Und dennoch ist es absurd, die Macht dieser beiden Phänomene zu vergleichen oder zu behaupten, die Konfrontation mit den Schlächtern von Mosul und Palmyra wäre für die Demokratien eine mit der Nazi-Wehrmacht vergleichbare strategische Herausforderung. Dieser geschichtliche Sprung gelingt nur Menschen, deren politische Verantwortungslosigkeit ebenso stark ausgeprägt ist wie ihre Neigung, schlampige Vergleiche zu ziehen.

Damit wir uns nichts vormachen: der Islamische Staat ist stark. Aber nicht so stark, dass denjenigen, die ihn bekämpfen würden, nur die Politik des geringeren von zwei Übeln bleibt.

Der Westen muss entscheiden, was zu tun ist.
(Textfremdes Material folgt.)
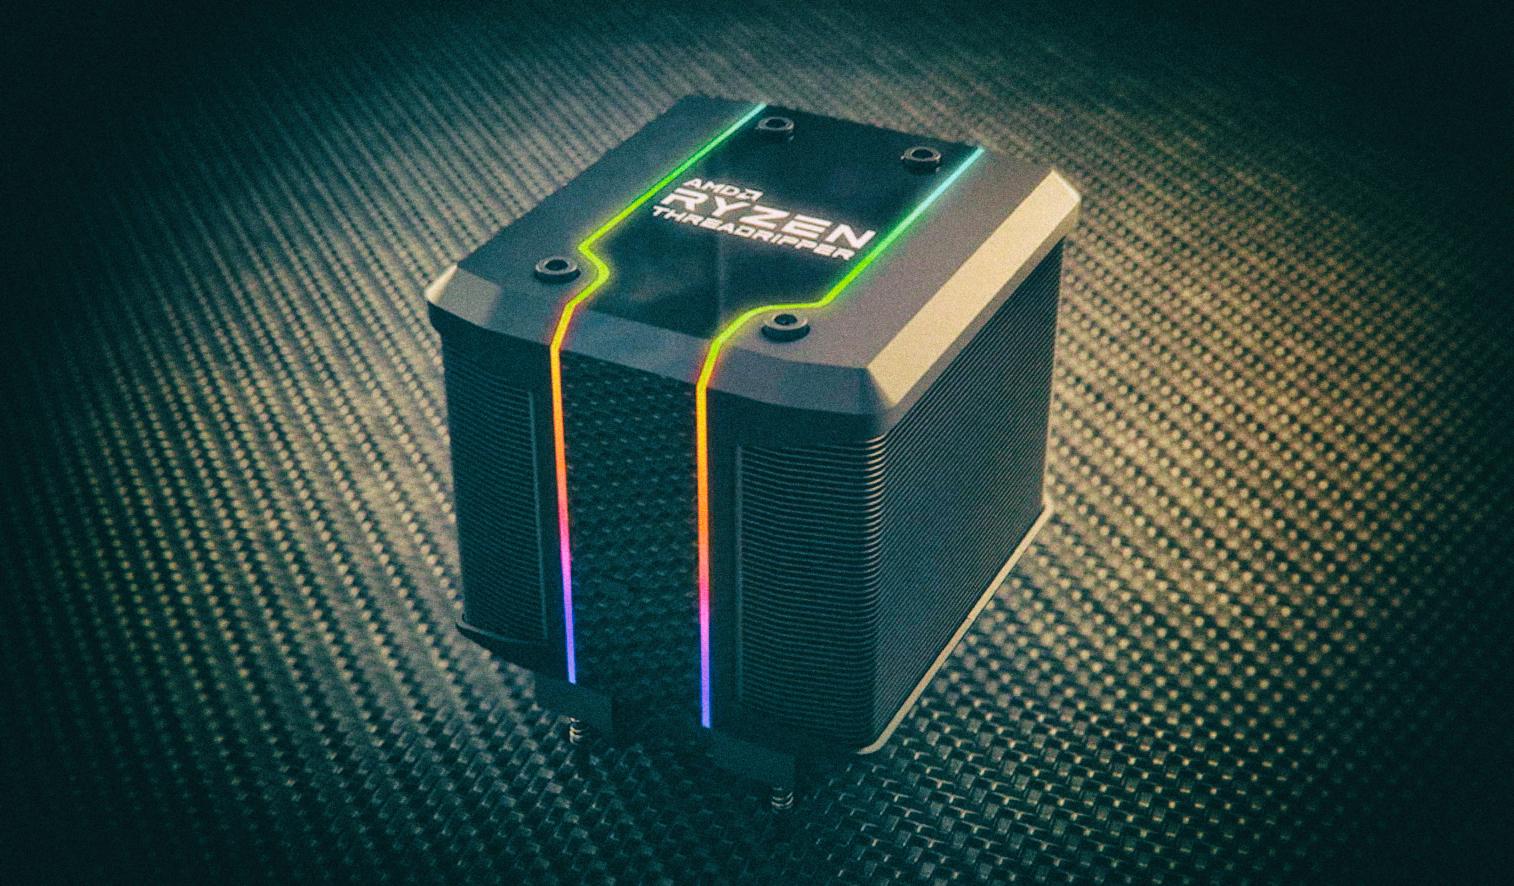 Процессор AMD Threadripper 3990X с 64 ядрами появится в 2020

Nach den Friedensgesprächen in Wien, die letzte Woche stattfanden und an denen die Vereinigten Staaten, Russland, der Iran, China, Ägypten, die Türkei, Saudi Arabien und andere Golfstaaten sowie Jordanien, der Libanon und wichtige Mitglieder der Europäischen Union teilnahmen, wird diese Frage zunehmend schwierig zu beantworten. Sollen wir die Überbleibsel der Freien Syrischen Armee ausstatten? Sollen wir mit den wenigen verbleibenden alawitischen Führungspersönlichkeiten verhandeln, an deren Händen kein Blut klebt oder mit jenen Mitgliedern des Assad-Clans in Kontakt treten, die sich frühzeitig ins Exil begaben und daher nicht in die Massaker involviert waren?

Vielleicht hat man noch Zeit, einige Elemente des alten Syrien auf neutralem Boden zusammenzubringen. Oder vielleicht bedarf es radikalerer Lösungen – von der Art wie man sie in Deutschland und Japan nach dem Zweiten Weltkrieg umsetzte.

Diese Wege stehen noch offen, aber sie werden zunehmend enger. Und keiner davon ist abhängig vom politischen Überleben des Baschar al-Assad.